___ GIVEN DATA
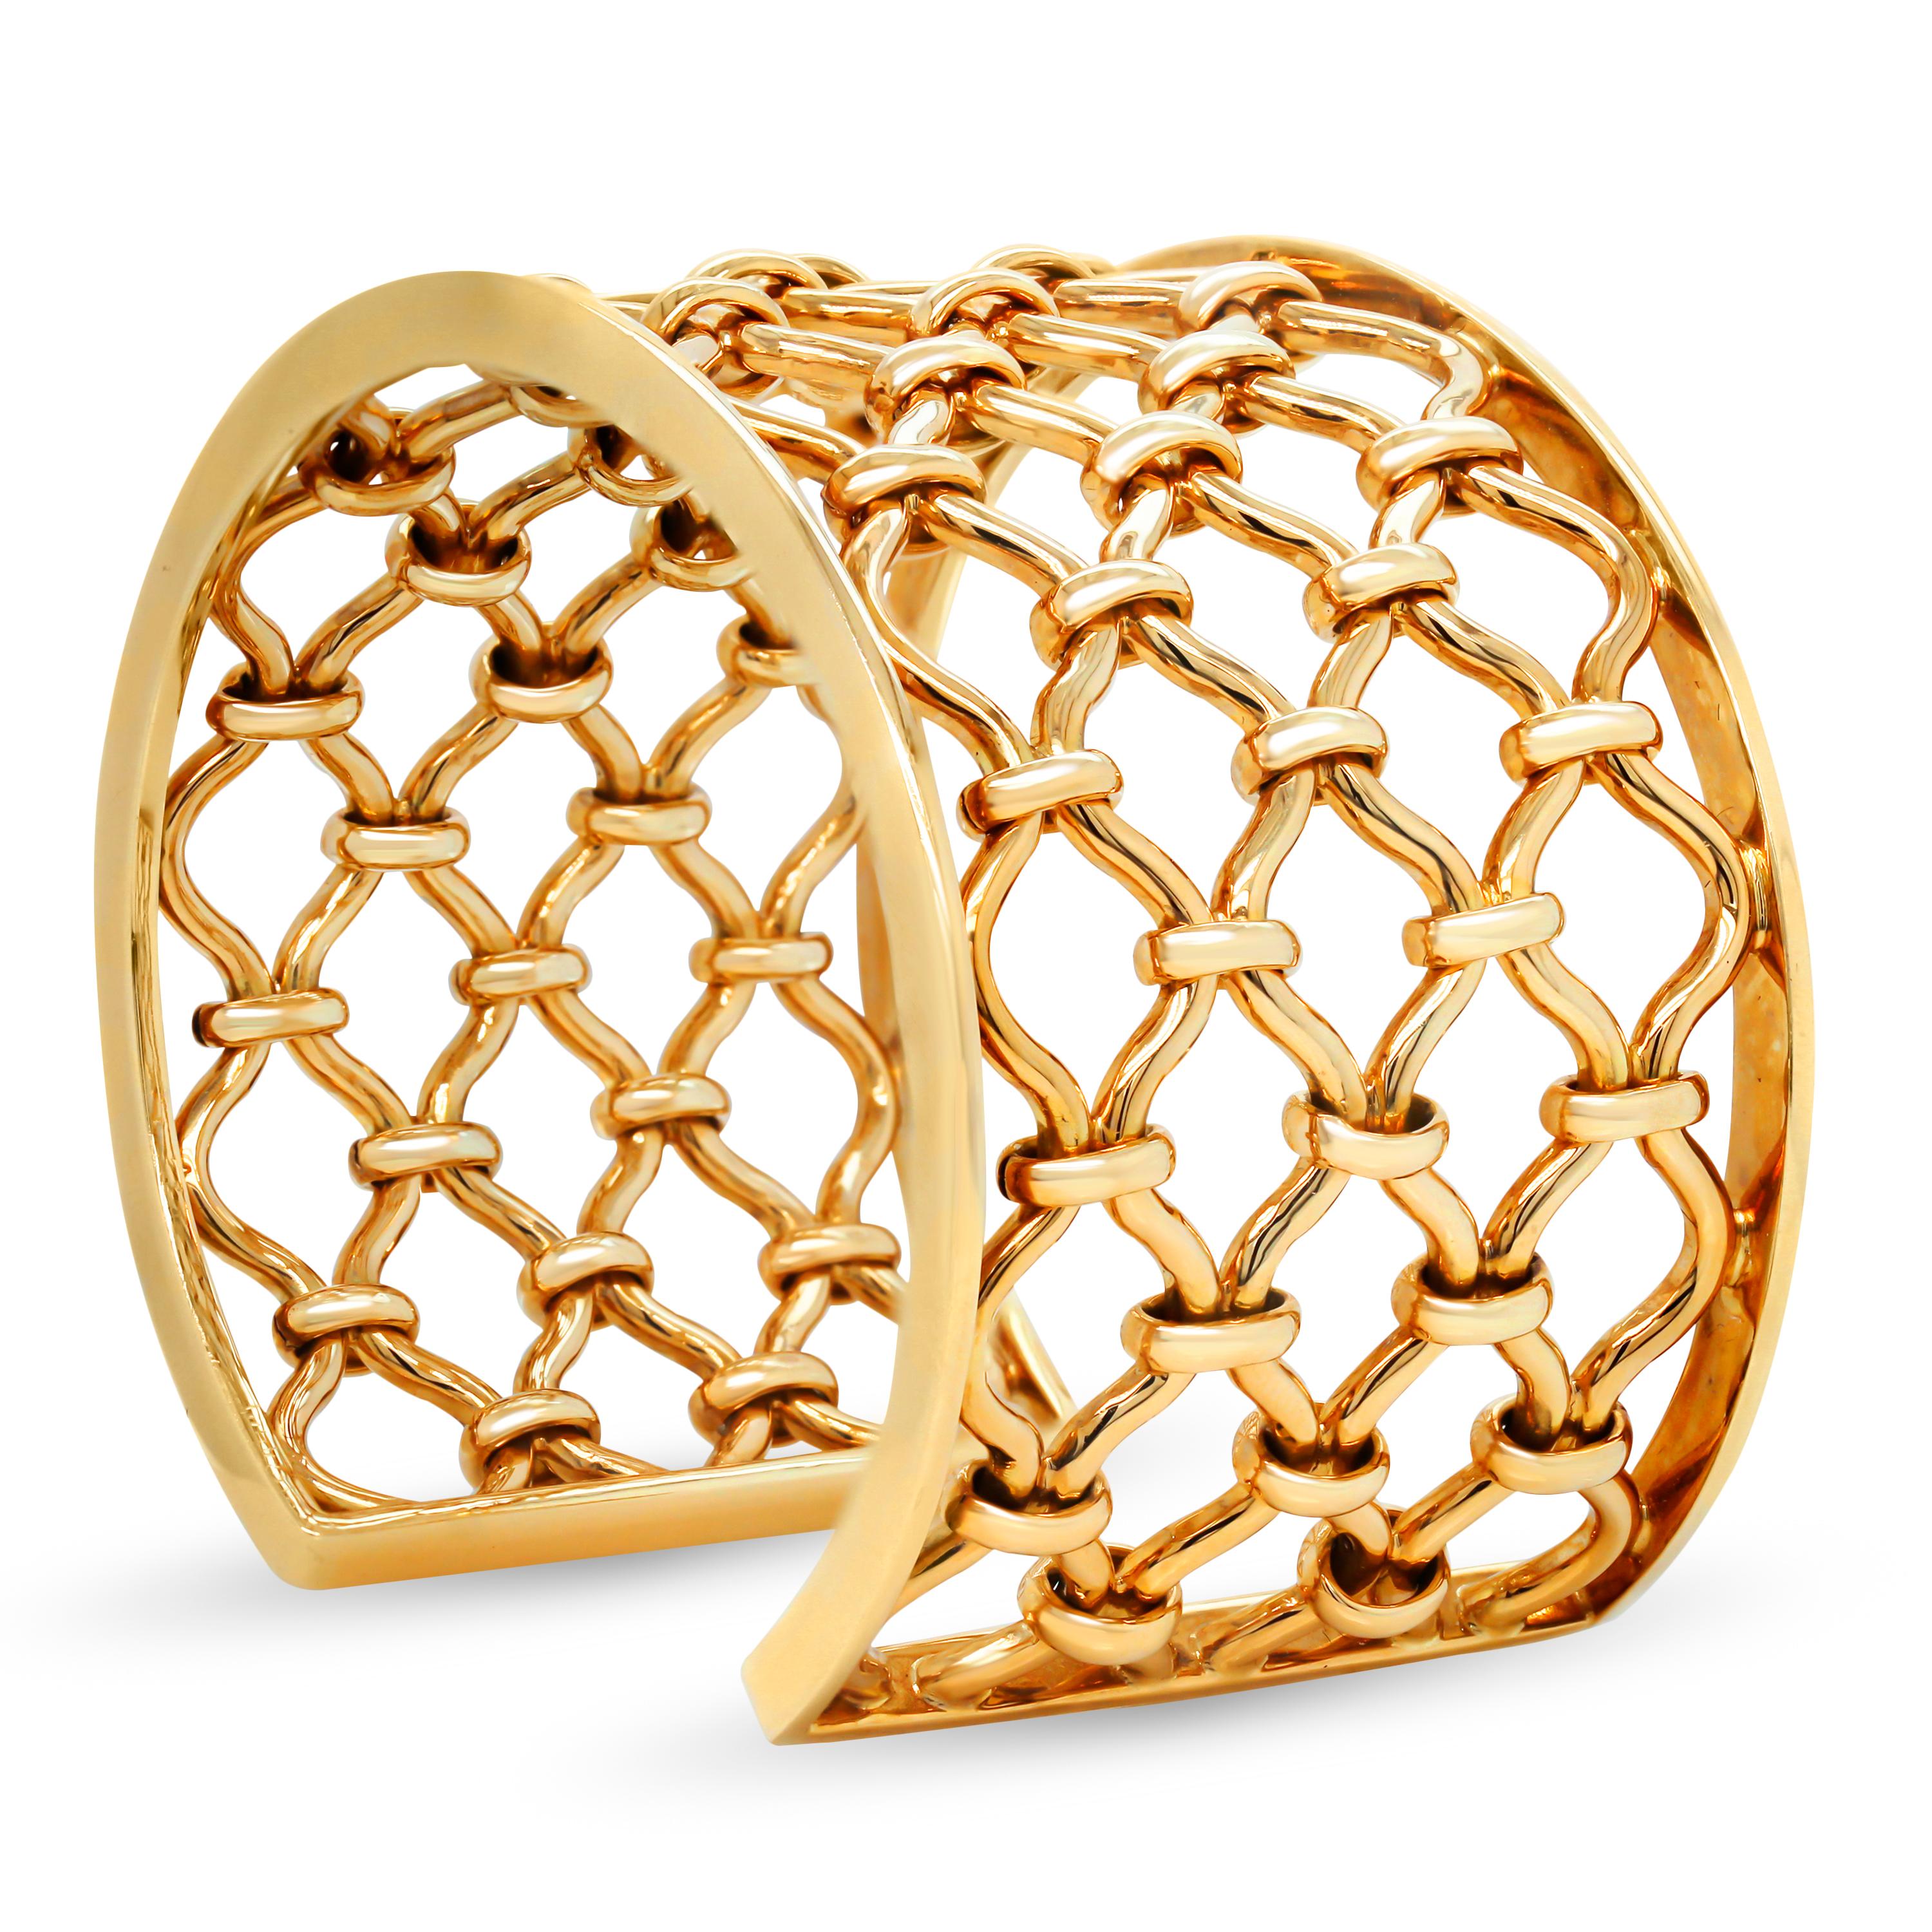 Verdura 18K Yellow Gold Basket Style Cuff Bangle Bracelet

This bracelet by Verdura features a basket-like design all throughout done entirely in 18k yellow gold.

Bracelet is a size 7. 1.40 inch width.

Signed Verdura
______
WHAT THIS TASK INVOLVES: Would you output the listing above verbatim, without its pictures?

RESPONSE:
 Verdura 18K Yellow Gold Basket Style Cuff Bangle Bracelet

This bracelet by Verdura features a basket-like design all throughout done entirely in 18k yellow gold.

Bracelet is a size 7. 1.40 inch width.

Signed Verdura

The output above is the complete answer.